それが無ければ僕は音楽を続けてなかっただろう。

 2020年3月11日に“松室政哉”が最新EP『ハジマリノ鐘』をリリース!つらく苦しい日常が続いても、今の人生を、今の自分を、今生きているこの世界を愛したい。主人公の苦悩と葛藤を綴った【ハジマリ】のラブソングとなっているタイトル曲「ハジマリノ鐘」他、全5曲が収録されております。

 さて、今日のうたコラムではそんな最新作を放つ“松室政哉”本人による歌詞エッセイを、3週に渡りお届け!第1弾第2弾に続く最終回は、今作の収録曲「どんな名前つけよう」にまつわるお話。ご自身の“曲作りの歴史”を、小学校時代まで遡って綴っていただきました。是非、最後までご堪能ください…!

~最終回歌詞エッセイ「どんな名前つけよう」~

 第2弾のコラムで、僕がサザンオールスターズがきっかけで小学生の頃から曲作りを始めた事を書かせて頂いた。今回は僕の曲作りの歴史を書いてみようと思う。

 僕はおもちゃのピアノを使って独学で作曲を始めた。ピアノを弾きながら歌う“弾き語り”は出来なかったので、ピアノをラジカセに録音しそれを鳴らしながら歌っていた。途中から、歌も一緒に録音したい!と思い始めた。どうすれば出来るか…。必死に考えた結果、ラジカセで録音したピアノの音と僕の歌を、もう一つのラジカセで録音する方法を思いついた。音楽に詳しい人が周りにいない環境でこれを思いついた時、少年時代の僕は発明だと思っていた。

 その後、そこに他の音を重ねていく方法も取り入れた。やり方は同じ。想像してもらうとわかると思うが、歌とピアノを録ってその後に色んな音(キーボードで違う音色を鳴らしたり、ドラム風に机を叩いたり...)を同じ方法で重ねていくと、どんどん音質が悪くなって最初に録った歌がもうほぼ聴こえないのだ。それでも、僕は満足していた。とても楽しかった。

 小学校6年生の頃になると、パソコンでの作曲をしていた。ネット上で見つけたフリーの打ち込みソフトで何百曲と作った。このソフトがフリーの割に色んなことができた。16のパートを同時に鳴らすことができ、譜面上に視覚的に音符を乗せていくだけで曲になっていくのだ。16もトラックがあるので、ストリングスやブラスなども曲に入れることができた。音はチープ(イメージは昔のホームページで自動で流れてくるBGMみたいな)だが、このソフトで作曲やアレンジを独学で学んだのである。

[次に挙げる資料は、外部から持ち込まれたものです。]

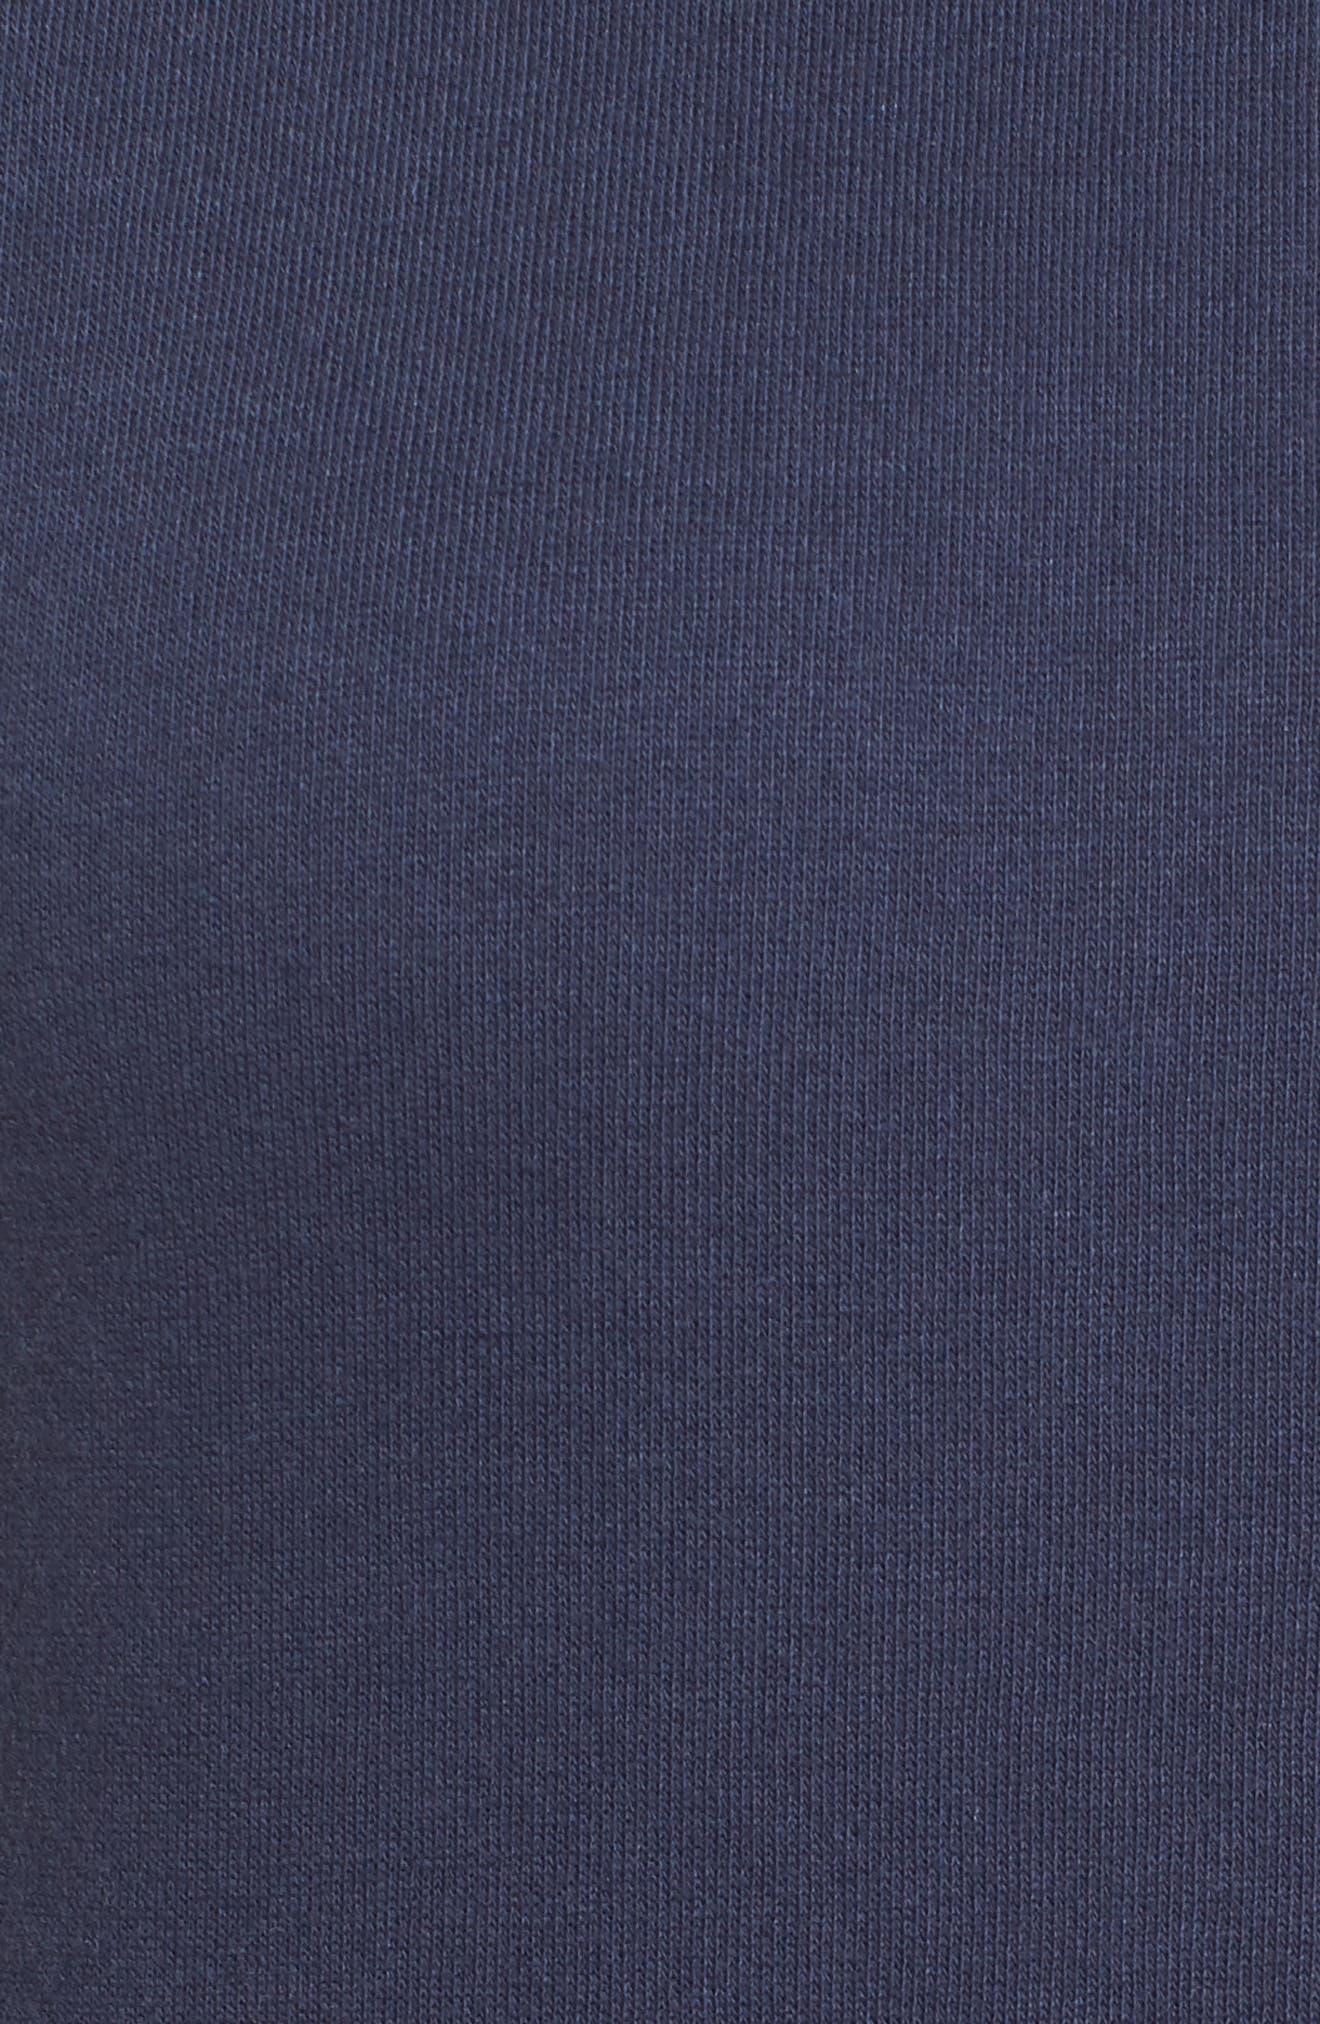 Tie Shoulder Shift Dress,                             Alternate thumbnail 11, color,

 中学2年生の頃に、親に頼んでMTRを買ってもらった。MTRとはマルチトラックレコーダーの略。マイクやギター等をそれに繋いで色んな音を重ねていけるのだ。先述したソフトでドラムとベースだけを打ち込み、MTRでそれにギターや歌を重ねていった。ソフトだけではチープだった音が、少しずつそれらしくなってきた。

 中3で僕はバンドを組んだ。ここで初めて人と一緒に曲を作り上げていく事を学ぶのである。ドラム、ギター、ベース、そして僕がギターボーカル。4人で一つの曲を作り上げる作業は非常に新鮮だった。他のアイデアを聞くことで、自分で一人で行ってきた作業がどんなものだったのか客観的に見ることが出来た。この経験は今の制作に非常に大きな影響を与えている。

 これが僕の曲作りの始まりの景色だ。何をしても飽き性だった僕が、唯一集中して熱くなれたものが音楽であり、曲作りだった。あの時の曲作りの楽しさが今も同じ温度で続いている気がする。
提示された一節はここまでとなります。